Editorial

Notation encourageante, mais la vigilance reste de mise

  • 30 juillet 2026
  • 3 min de lecture
Notation encourageante, mais la vigilance reste de mise

LA Tunisie continue d’enregistrer, ces derniers temps, des améliorations touchant les différents domaines de la vie économique, financière et sociale, d’où la toute dernière notation attribuée par l’Agence Moody’s Ratings qui  maintient son appréciation concernant notre pays au niveau de “Caa1” avec perspective stable, estimant que les besoins de financement extérieur du pays sont désormais mieux maîtrisés grâce à la stabilité des réserves de change.

En effet, l’agence met en relief une évolution positive de la position extérieure tunisienne dans la mesure où les besoins de financement extérieur sont couverts par les réserves en devises fortes qui maintiennent une certaine stabilité et davantage de résilience en dépit de l’existence d’importants remboursements d’euro-obligations.

Il est utile de souligner que la même agence relève que la Tunisie fait montre d’une belle résistance malgré la hausse des importations énergétiques, évaluée aux alentours de 38% en glissement annuel au cours du premier semestre de l’année 2026, et l’augmentation des prix du pétrole, sans pour autant toucher au niveau des réserves en devises couvrant plus de trois mois d’importations.

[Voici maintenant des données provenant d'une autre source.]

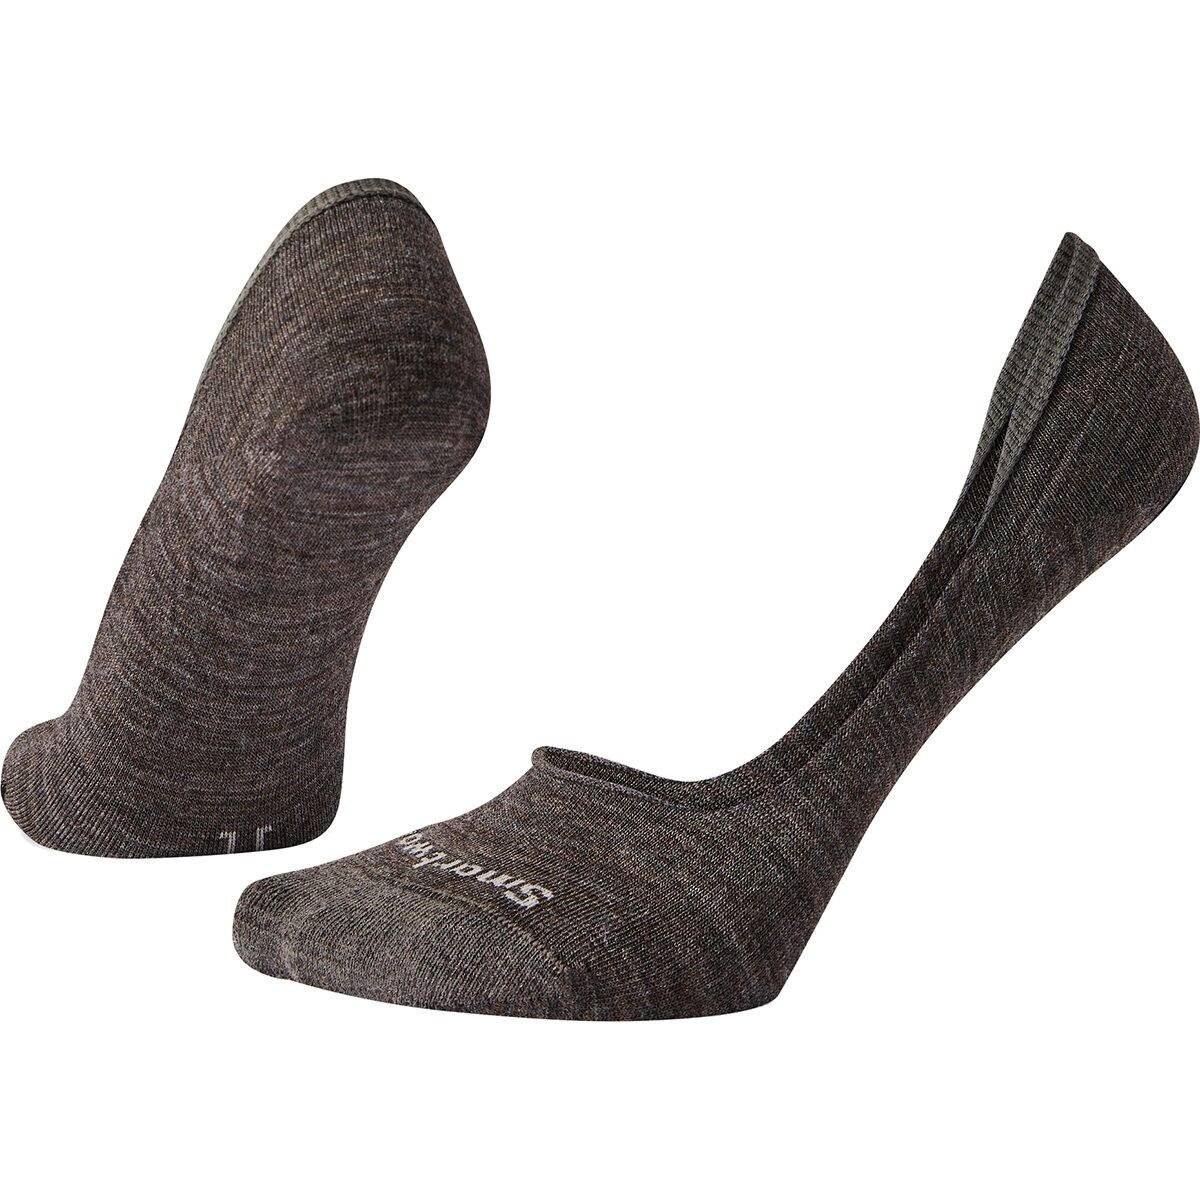 The grey no-shoe socks

Il faut reconnaître que cette résilience a été rendue possible grâce à un certain nombre de facteurs, en l’occurrence la croissance des exportations des produits agricoles, le maintien des transferts par les Tunisiens résidant à l’étranger (TRE), sans oublier la progression notable des investissements directs étrangers (IDE) durant le 1er trimestre de 2026.

Cependant, tout ne baigne pas dans l’huile dans la mesure où il faut rester sur la brèche car si une éventuelle détérioration des réserves de change, de la liquidité intérieure ou des déséquilibres budgétaires et extérieurs venait à se produire, une sérieuse dégradation de la notation s’ensuivrait. 

Or, et comme on le constate, si les signes actuels sont encourageants et prometteurs, certaines fragilités peuvent intervenir à tout moment si on n’y prend pas garde.  

A ce propos, la hausse significative de la masse salariale en 2026 et l’exécution du Plan national de développement 2026-2030 pourraient entraîner des risques budgétaires, outre la facture énergétique, de plus en plus corsée, qui pourrait être à l’origine de nouvelles subventions énergétiques à supporter par l’Etat, alors qu’elles représentaient déjà 6,8 % du PIB, en 2025. 

Toutefois, il est loisible de se réjouir de l’actuelle évolution tout en observant une vigilance accrue pour éviter les retours de manivelle dus à une conjoncture internationale marquée par les incertitudes.